Suppose a company would like
to do some targeted marketing. This targeted marketing would contact customers
in the country with the fewest number of orders. It is hoped that this targeted
marketing will increase the overall sales in the targeted country. Here is an
example that uses a subquery to return the customer contact information for the
country with the fewest number of orders:
select Country,CompanyName, ContactName, ContactTitle, Phone
from Northwind.dbo.Customers
where country =
(select top 1 country
from Northwind.dbo.Customers C
join
Northwind.dbo.Orders O
on C.CustomerId = O.CustomerID
group by country
order by count(*))
Here I have written a
subquery that joins the Customer and Orders Tables to determine the total
number of orders for each country. The subquery uses the “TOP 1” clause to
return the country with the fewest number of orders. The country with the
fewest number of orders is then used in the WHERE clause to determine which
Customer Information will be displayed.
Use of a Subquery in the FROM clause
The FROM clause normally
identifies the tables used in the T-SQL statement. You can think of each of
the tables identified in the FROM clause as a set of records. Well, a subquery
is just a set of records, and therefore can be used in the FROM clause just
like a table. Here is an example where a subquery is used in the FROM clause
of a SELECT statement:
select au_lname, au_fname, title from
(select au_lname, au_fname, au_id from pubs.dbo.authors
where state = ‘CA’) as a
join
pubs.dbo.titleauthor ta on a.au_id=ta.au_id
join
pubs.dbo.titles t on ta.title_id = t.title_id
Here I have used a subquery
to select only the author record information, if the author’s record has a
state column equal to “CA.” I have named the set returned from this subquery
with a table alias of “a.” I can then use this alias elsewhere in the T-SQL statement
to refer to the columns from the subquery by prefixing them with an “a”, as I
did in the “ON” clause of the “JOIN” criteria. Sometimes using a subquery in
the FROM clause reduces the size of the set that needs to be joined. Reducing
the number of records that have to be joined enhances the performance of
joining rows, and therefore speeds up the overall execution of a query.
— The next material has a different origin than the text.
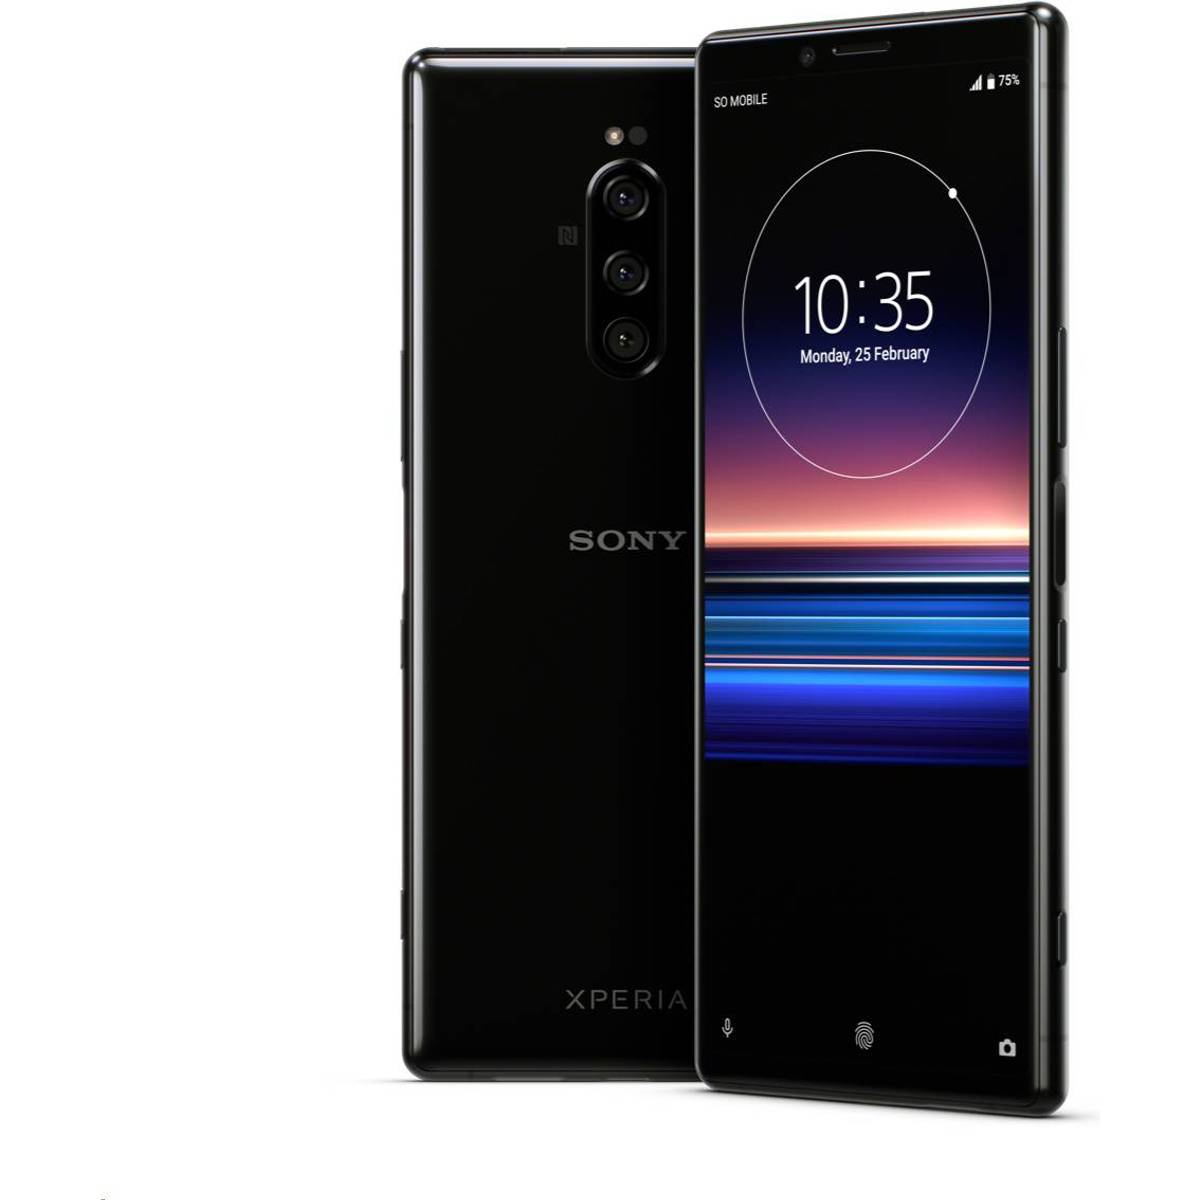 Sony Xperia 1 Find The Lowest Price Save Money At Pricerunner

Here is an example where I
used a subquery in the FROM clause of an UPDATE statement:
set nocount on
create table x(i int identity,
a char(1))
insert into x values (‘a’)
insert into x values (‘b’)
insert into x values (‘c’)
insert into x values (‘d’)
select * from xupdate x
set a = b.a
from (select max(a) as a from x) b
where i > 2select * from x
drop table x
Here I created a table named
“x,” that has four rows. Then I proceeded to update the rows where “i” was
greater than 2 with the max value in column “a”. I used a subquery in the FROM
clause of the UPDATE statement to identity the max value of column “a.”
Use of a Subquery in the HAVING clause
In the following example, I
used a subquery to find the number of books a publisher has published where the
publisher is not located in the state of California. To accomplish this I used a subquery in a HAVING
clause. Here is my code:
select pub_name, count(*) bookcnt
from pubs.dbo.titles t
join
pubs.dbo.publishers p
on t.pub_id = p.pub_id
group by pub_name
having p.pub_name in
(select pub_name from pubs.dbo.publishers where state <> ‘CA’)
Here my subquery returns the
pub_name values for all publishers that have a state value not equal to “CA.”
The HAVING condition then checks to see if the pub_name is in the set returned
by my subquery.
Conclusion
The subquery is a valuable
concept to understand. Creative use of a subquery allows the desired results
to be returned in a single T-SQL statement, and helps avoid the use of
temporary tables and cursors to solve complicated selection criteria. In
addition, depending on the query, a subquery might improve performance by
reducing the number of records that SQL Server needs to process. In my next article,
I will expand on the idea of subqueries by looking at correlated subqueries.